3. Translation process

Here we study variants of the machine assisted translation process, to develop a version that suits MOLTO.

The translation industry workflow

To have a point of comparison, we review the practices in the professional translation industry today. Going beyond the 90's single-user computer-assisted translation (CAT) setup with a translation editor, translation memory, and termbase, current translation management system (TMS) packages provide tools for managing complex translation industry projects involving clients, project managers, and a distributed pool of translators, reviewers, and subject experts. Many aspects of the workflow and the associated communication (notification, document transfer) can be automated in these systems. For an example of a translation industry workflow, we take the ]project-open[ Translation Workflow. Tasks typically covered by translation project and workflow management packages include

Analyzing source text using a translation memory
Generating quotes for the customer
Generating purchase orders for providers and freelancers
Executing the project
Monitoring the project
Generating invoices to the customer
Generating invoices for providers and freelancers

Roles within the translation workflow

In ]project-translation[ five user roles can be defined.
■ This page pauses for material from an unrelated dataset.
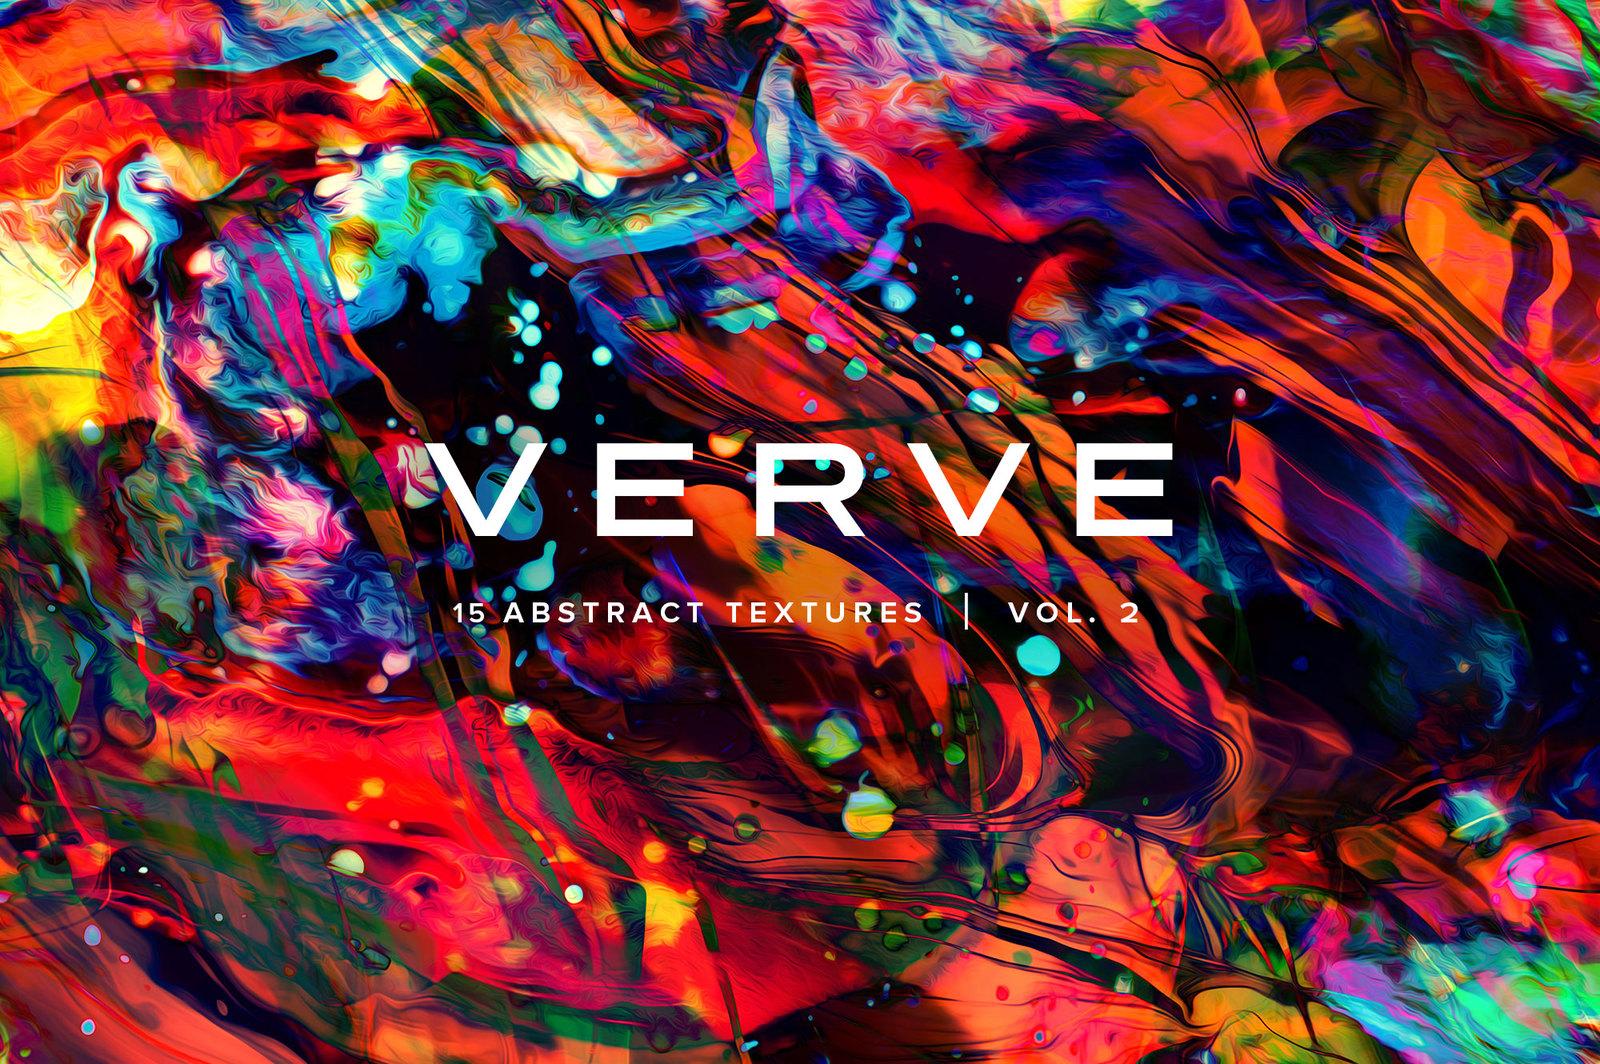 Verve, Vol. 2: 15 Abstract Textures

Translator: A person responsible to execute the translation and/or localization projects.
Project Manager: A person responsible for the successful execution of projects. Project Managers frequently act as Key Account managers in small translation agencies.
Senior Manager: Is responsible for the financial viability of the business and is the ultimate responsible for the relationships to customers
Key Account Manager: A person responsible for the relationship to a number of customers. We assume that customer project requests are handled by a Key Account Manager and then passed on to a project Manager for execution.
Resource Manager: A person responsible for the relationship with translation resources and providers.

GlobalSight has yet more default roles:

Administrator
Customer
LocaleManager
LocalizationParticipant
ProjectManager
SuperAdministrator
SuperProjectManager
VendorAdmin
VendorManager

New roles can be invented at will in GlobalSight. As discussed in the MOLTO requirements document (Deliverable 9.1), The role cast in MOLTO can have at least these roles:

Author
Editor
Translator
Reviewer (domain/language expert)
Ontologist
Terminologist
Grammarian

The Project Cycle

The figure below shows in a schematic way in which the workflow proceeds:

Translation workflow

A document from the customer is passed to the project manager for translation (This action is represented by the arrow from documents in the upper left corner from the client to the project manager).
The Project Manager uploads the document into the ]project-open[ System
A translators downloads the file
The same translators uploads the translated files

Similarly for editors and proofreaders. Finally, the project manager retrieves the document and sends it to the customer. Alternatively, the project manager can allow the customer to download the files directly. In addition to tracking the status of a project at every stage, the system allows the project manager to allocate projects to the most suitable team and streamline the freelancers’ job.

GlobalSight

GlobalSight (http://www.globalsight.com/) is an open source Translation Management System (TMS) released under the Apache License 2.0. Version 8.2. was released on Sept 15, 2011. As of version 7.1 it supports the TMX and SRX 2.0 Localization Industry Standards Association standards.[2] It was developed in the Java programming language and uses MySQL database and OpenLDAP directory software. GlobalSight also supports computer-assisted translation and machine translation.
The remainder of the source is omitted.